The ongoing pandemic and the tight labor market—which is driving employees to leave their jobs in droves—is dramatically influencing the benefits market. While the onset of COVID-19 had several organizations step up their efforts to help employees—with COVID-19 medical leave, childcare benefits, mental health help and more—employees’ benefits expectations and appreciation continue to grow more than 18 months into the pandemic. Now, employees are demanding more options from their employers, which is driving organizations to continue to make changes to their benefits packages.

The LIMRA and EY survey finds three-quarters of employers (76%) believe their employees will expect a wider variety of benefits options in the future.

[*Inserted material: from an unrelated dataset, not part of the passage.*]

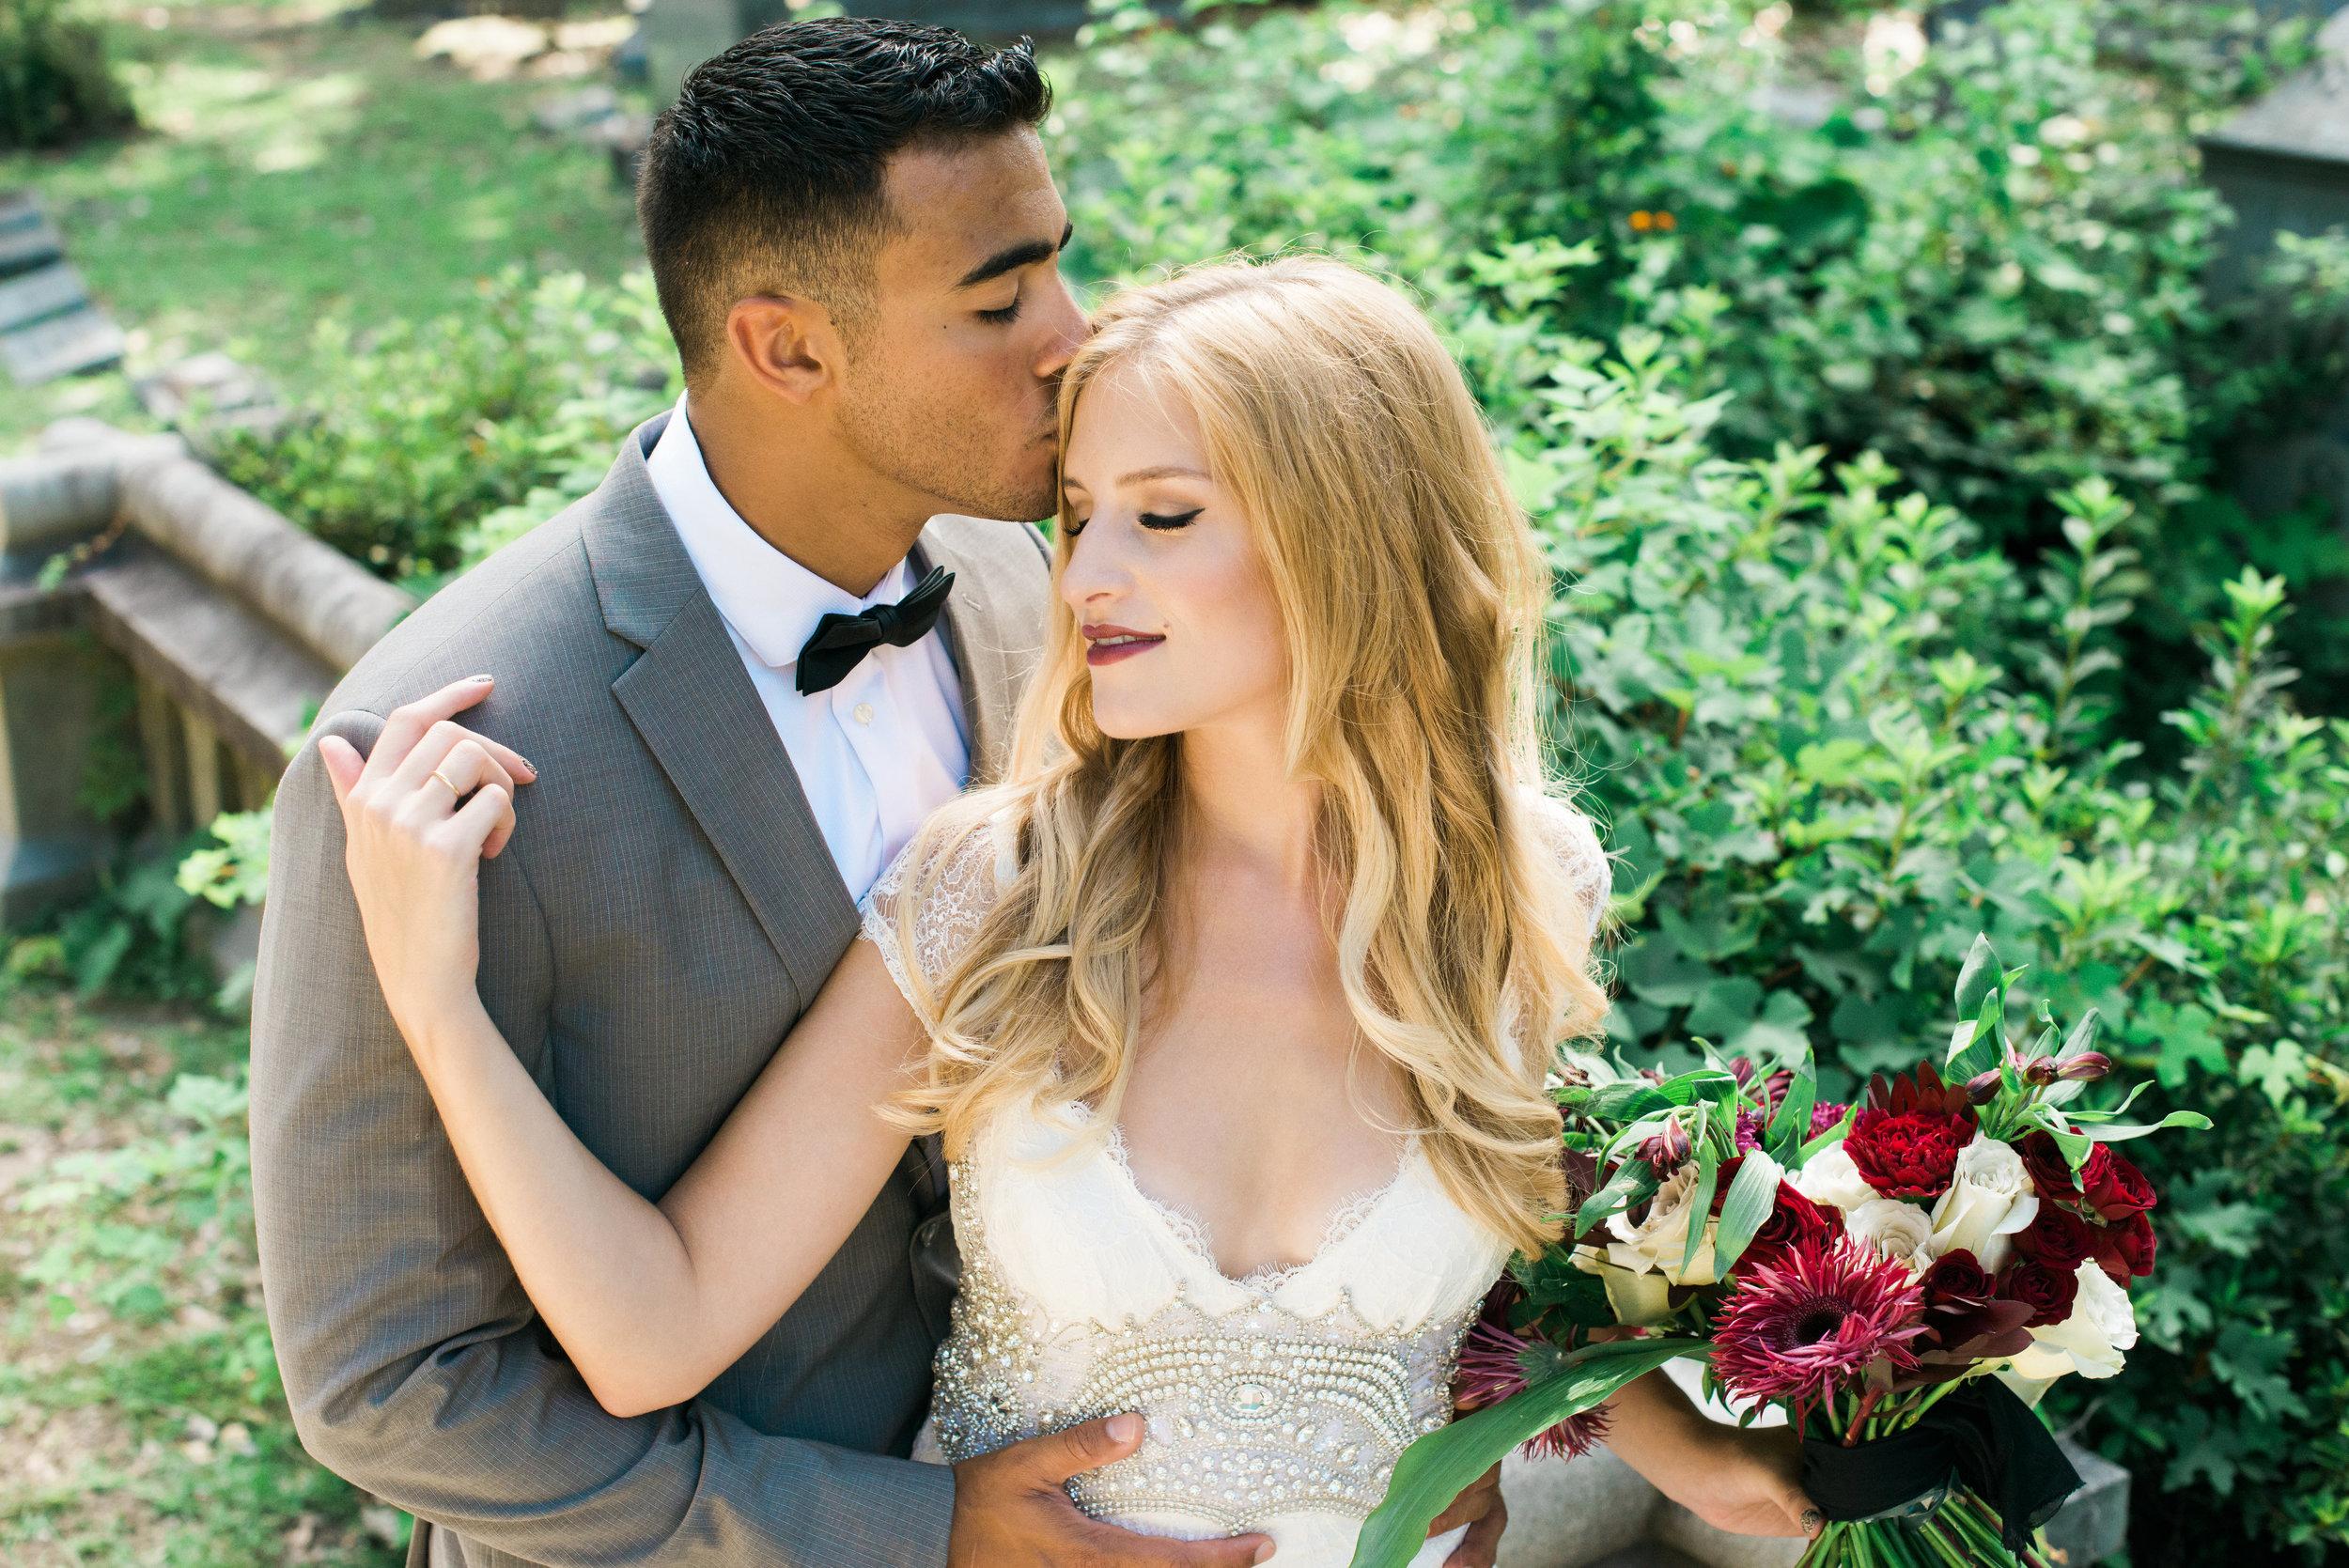 callie-beale-photography-Bonaventure-cemetery-michelle-royal-makeup-cemetery-wedding-ivory-and-beau-wedding-planning-anna-campbell-harper-savannah-bridal-boutique-savannah-wedding-dresses-savannah-weddings-12.jpg

The research also finds that employees have a greater appreciation for their insurance benefits: One-third of all employees—and nearly half of millennials—say their insurance benefits are more valuable to them since COVID-19. Paid medical leave (48%), life insurance (44%) and long-term disability insurance (36%) were among the top benefits employees said they were extremely or very interested in having their employer offer.

This data reiterates that HR leaders will likely need to enhance their benefits offerings to hold on to workers.

“Employers see benefits as a necessary tool to be able to compete in the war for talent,” says Patrick Leary, corporate vice president and head of LIMRA Workplace Benefits Research. “Despite 54% of employers reporting a decrease in revenue in the last year, the vast majority are not planning to cut back on benefits and almost half are considering offering a customized menu of benefits to help attract and retain talent.”